[Rescue Press; 2025]
A whorl of streaky, vibrantly colored brushstrokes somewhat obscure the title and author’s name. To make the words out, you’ve got to look closely or look again. Hurricane Envy is a collection of fifteen short stories published by Rescue Press, an independent publisher of “chaotic and investigative work.” Jaffe is a co-founder of New Herring Press, the author of the 2015 novel Dryland (Tin House), and an instructor at the Pacific Northwest College of Art’s Low-Residency Creative Writing MFA program. The stories range from two pages to twenty-one pages; typically follow an unnamed young adult-ish character; are rooted in realism; and often avoid neat or obvious endings. Jaffe seems most interested in metafictional storytelling, queer parenthood, human spiritual connection to music, experiencing atrocity from a distance, and feelings of belonging or unbelonging. The title of the book, Hurricane Envy, is not the title of any one story in the collection but a sort of thematic thesis for many of the experiences of Jaffe’s characters. The phrase is taken from the seventh story—“Stormchasers”—in which the narrator asks: “How many demerits for hurricane envy?” or how might our selfish connections to place, to one another as people, be damaging?

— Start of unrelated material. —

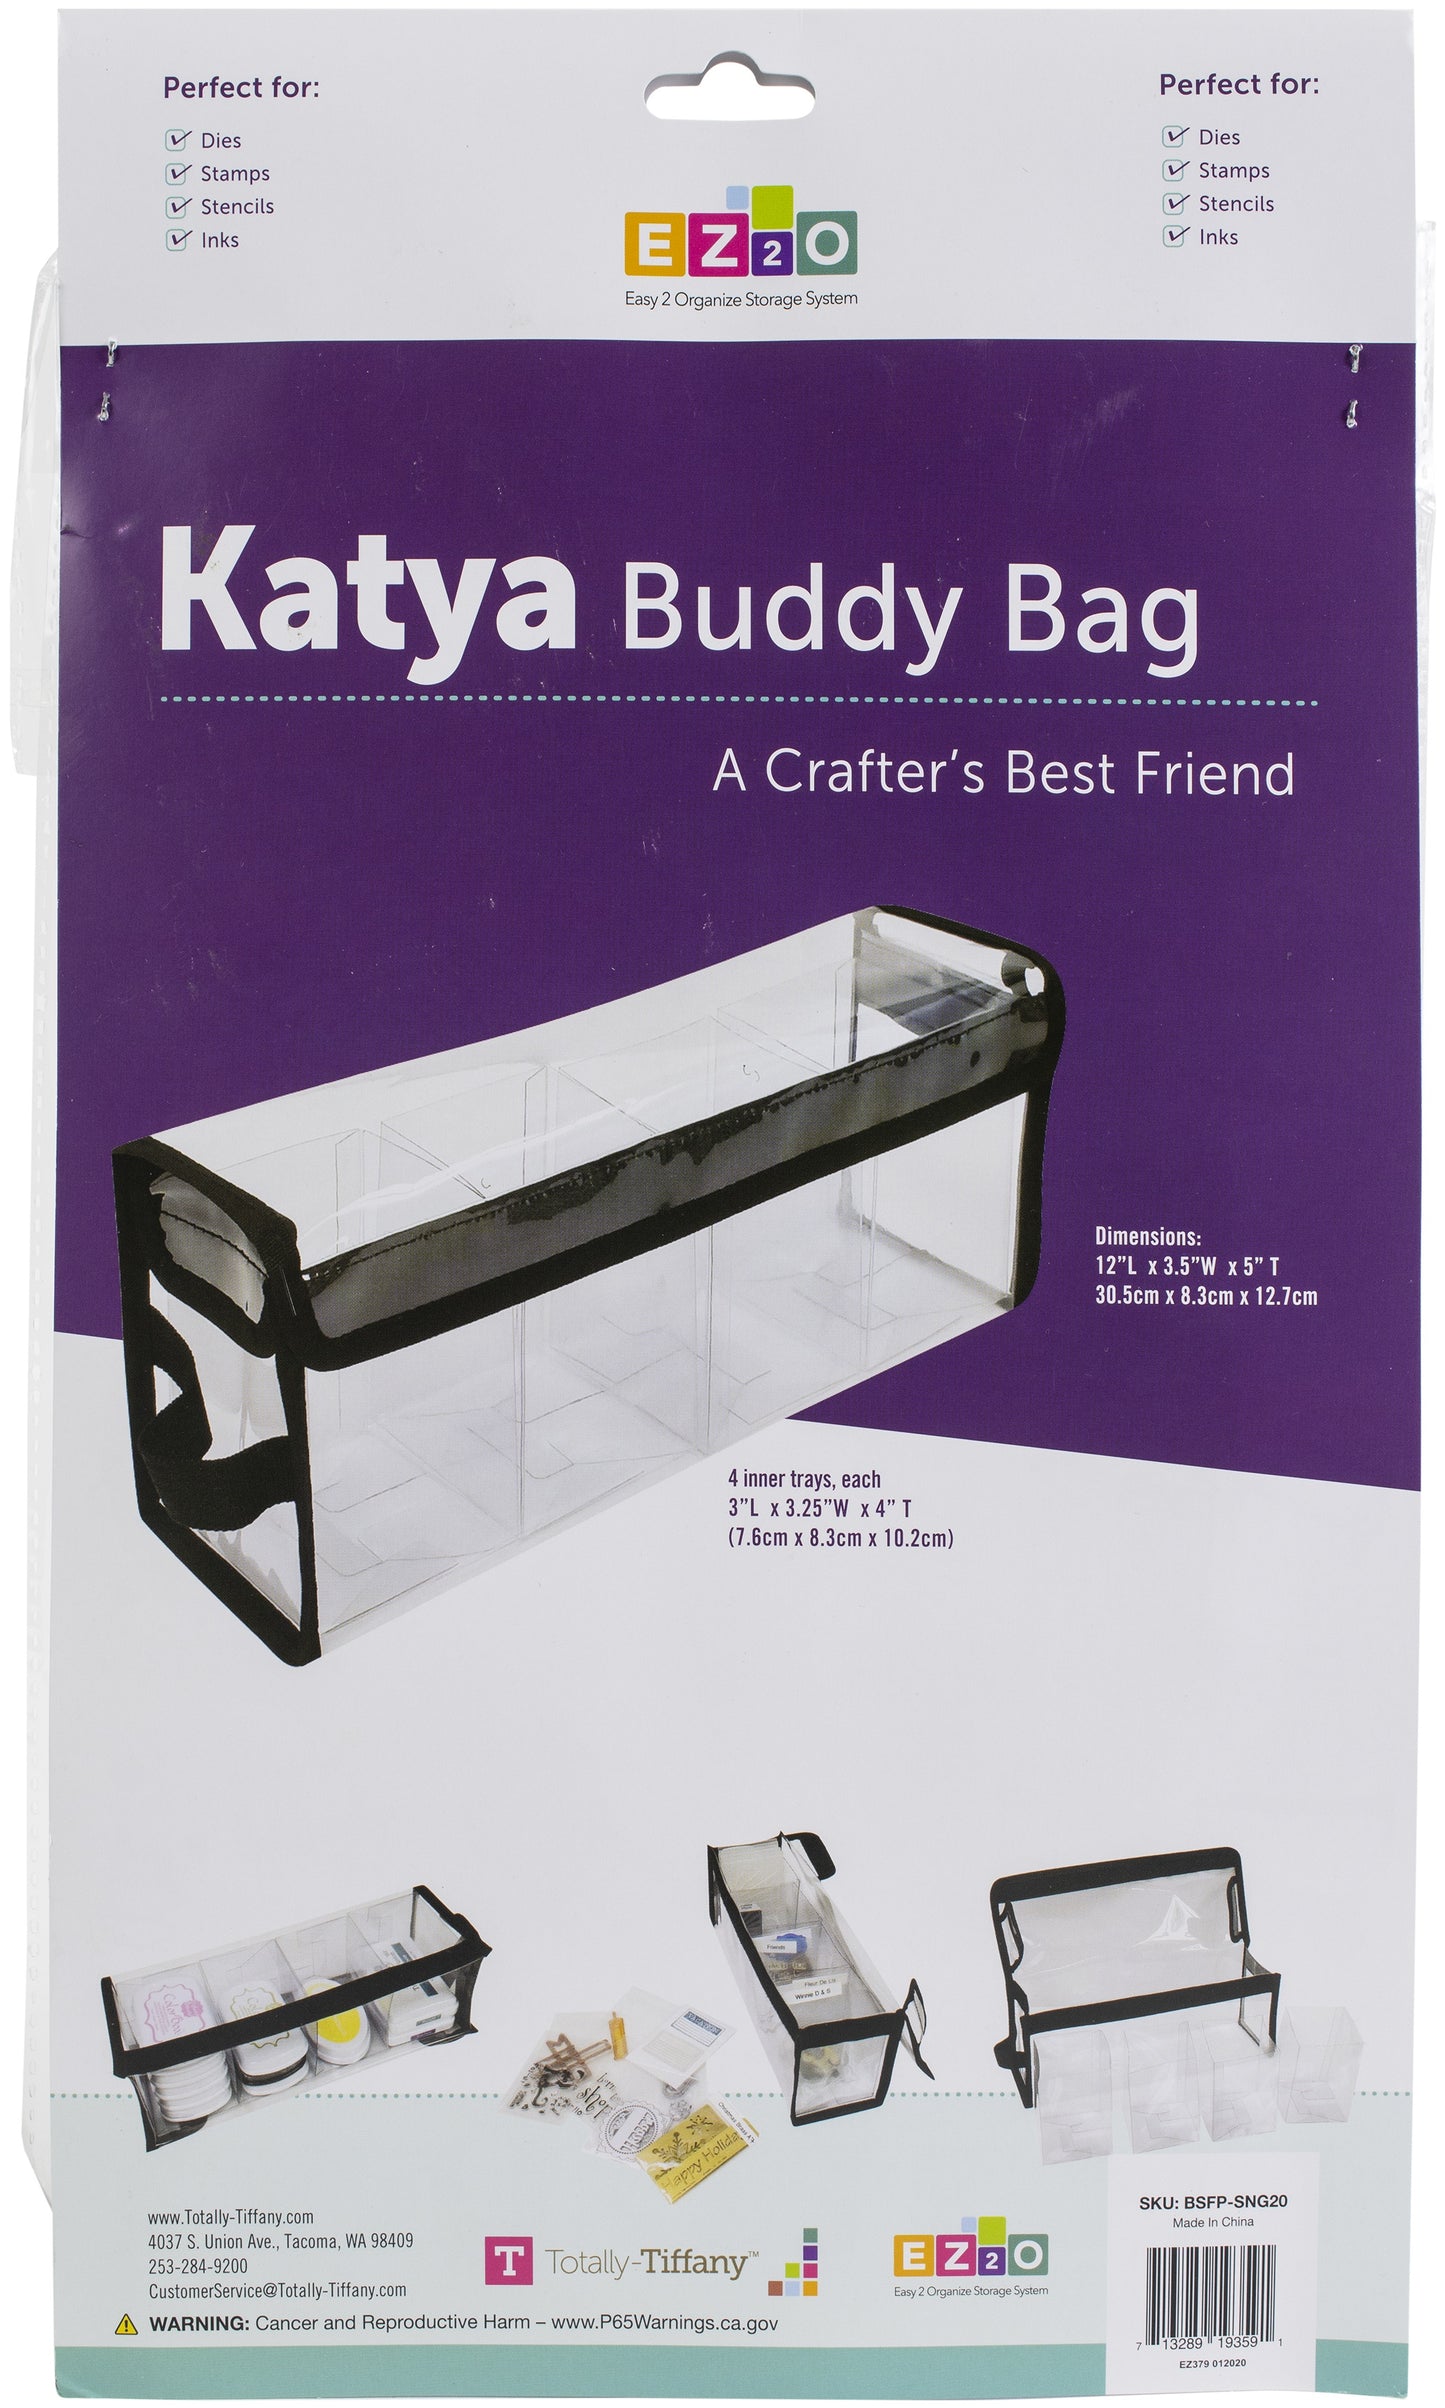 Totally - Tiffany Storage -Easy 2 Organize  Buddy Bag - Katya

Jaffe’s stories reward the impulse to look more closely. Each piece holds layers of meaning to sift through or catch. At first glance, the eleventh story—“Unsafe is not a Feeling”—appears simple in its rapid unfolding, a single scene in which an anxious character narrates their experience of a therapy session. The story is four-and-a-half pages, avoids narrative arc, and is anchored by the repetitive (possibly obsessive) nature of the narrator’s observations: “My therapist looked less tired than I felt,” “My therapist put down her pencil and sat up straight,” “My therapist snapped back to her typical implacability.” But, a curious reader, in looking past the narrator’s personal hurricane of thoughts, wonders what has happened in the world just before the present moment of this story. The first sentence of the piece quietly incites this question as it distracts from it—“On the morning after, I happened to have a therapy appointment.” There is never an explicit confirmation of what may have occurred the previous day; instead, readers are invited to fill in that gap. To do so, requires thoughtful attention to the details of the narrator’s fears and the therapist’s questions. The therapist asks if the narrator is afraid of being taken away in the night and forced to wear a “yellow star” and “pink triangle” on their coat. The narrator acknowledges it is something they have worried about since “Ohio, then Florida, then Wisconsin were lost to us.” A reader wonders if the event occurring the previous day was an election or new legislation in the United States.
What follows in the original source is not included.